Let $f: \mathbb{R}^2 \supset M \rightarrow \mathbb{R}^3$ be a smooth immersion and let $N: M \rightarrow S^2 \subset \mathbb{R}^3$ be the corresponding Gauss map. The normal curvature along a unit tangent direction $X \in TM$ can be expressed as
$ df(X) \cdot dN(X), $
where $\cdot$ is the usual Euclidean inner product on $\mathbb{R}^3$. The principal curvature directions $X_1, X_2 \in TM$ are the unit directions along which normal curvature is minimized and maximized, respectively. It is a well-established fact that (away from umbilic points) these directions are orthogonal in the sense that
$ df(X_1) \cdot df(X_2) = 0. $
Question 1 Is there any purely geometric intuition for why principal curvature directions are orthogonal?

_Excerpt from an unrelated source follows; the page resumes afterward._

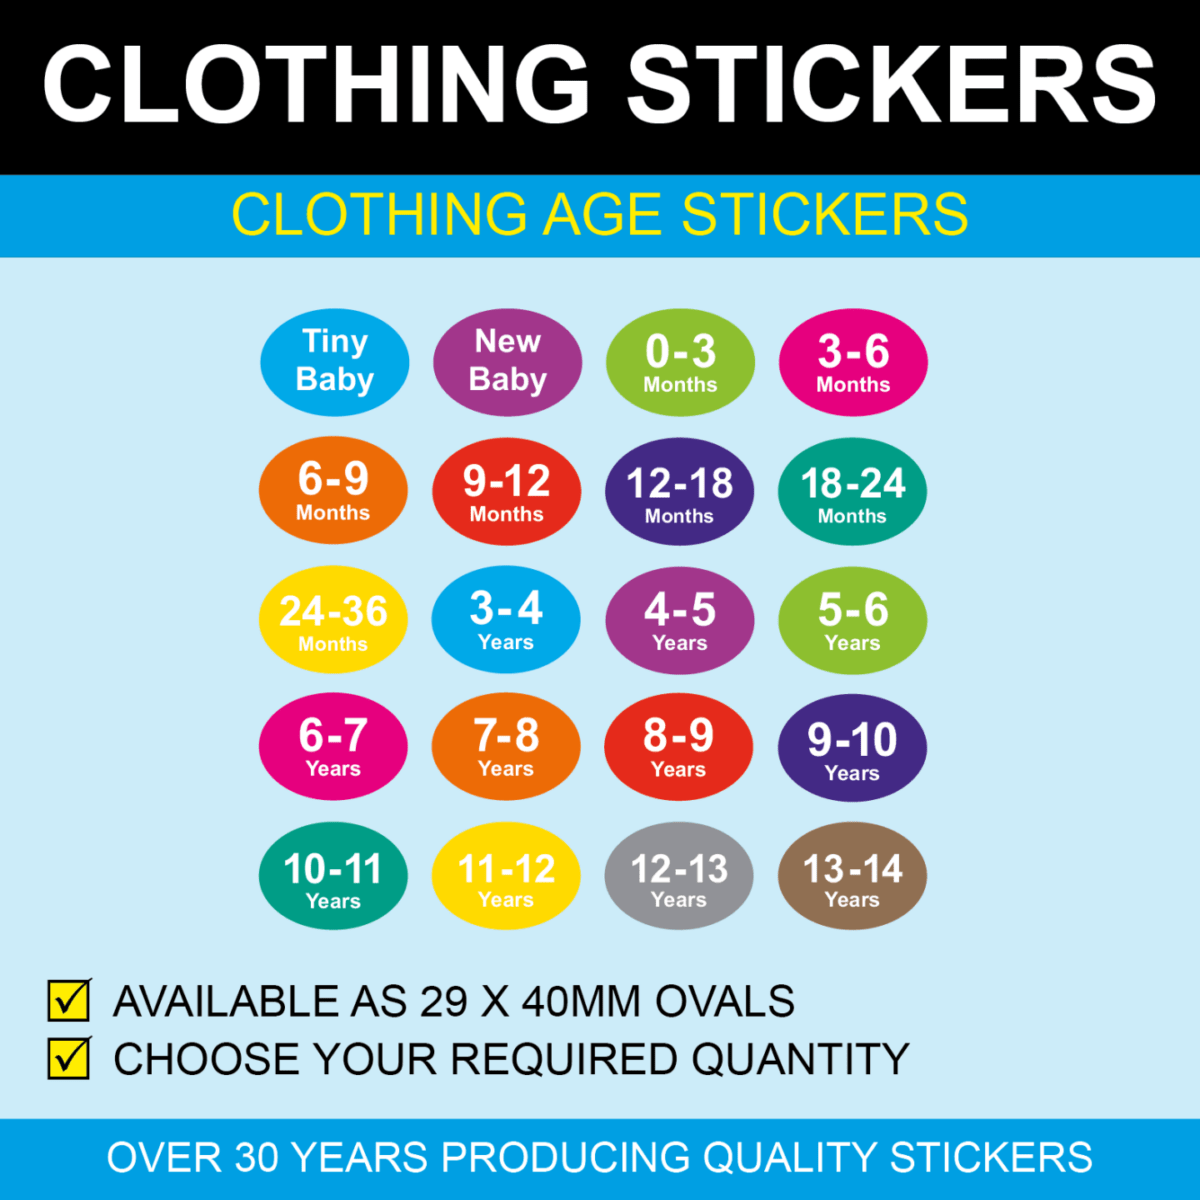 The Different Types of Clothing Stickers - Price Stickers

Question 2 Can you argue that the bilinear form $df(X) \cdot dN(Y)$ is symmetric w.r.t. $X$ and $Y$ without resorting to the use of coordinates?
In fact, I'd be satisfied with an answer to Question 2 alone, since a self-adjoint operator has orthogonal eigenvalues. I'm really looking for intuition here, not just a formal proof -- if all I get is a bunch of $E,F,G$ and $e,f,g$ or (god forbid) $\Gamma_{ij}^k$ I just might scream! ;-)
Thanks!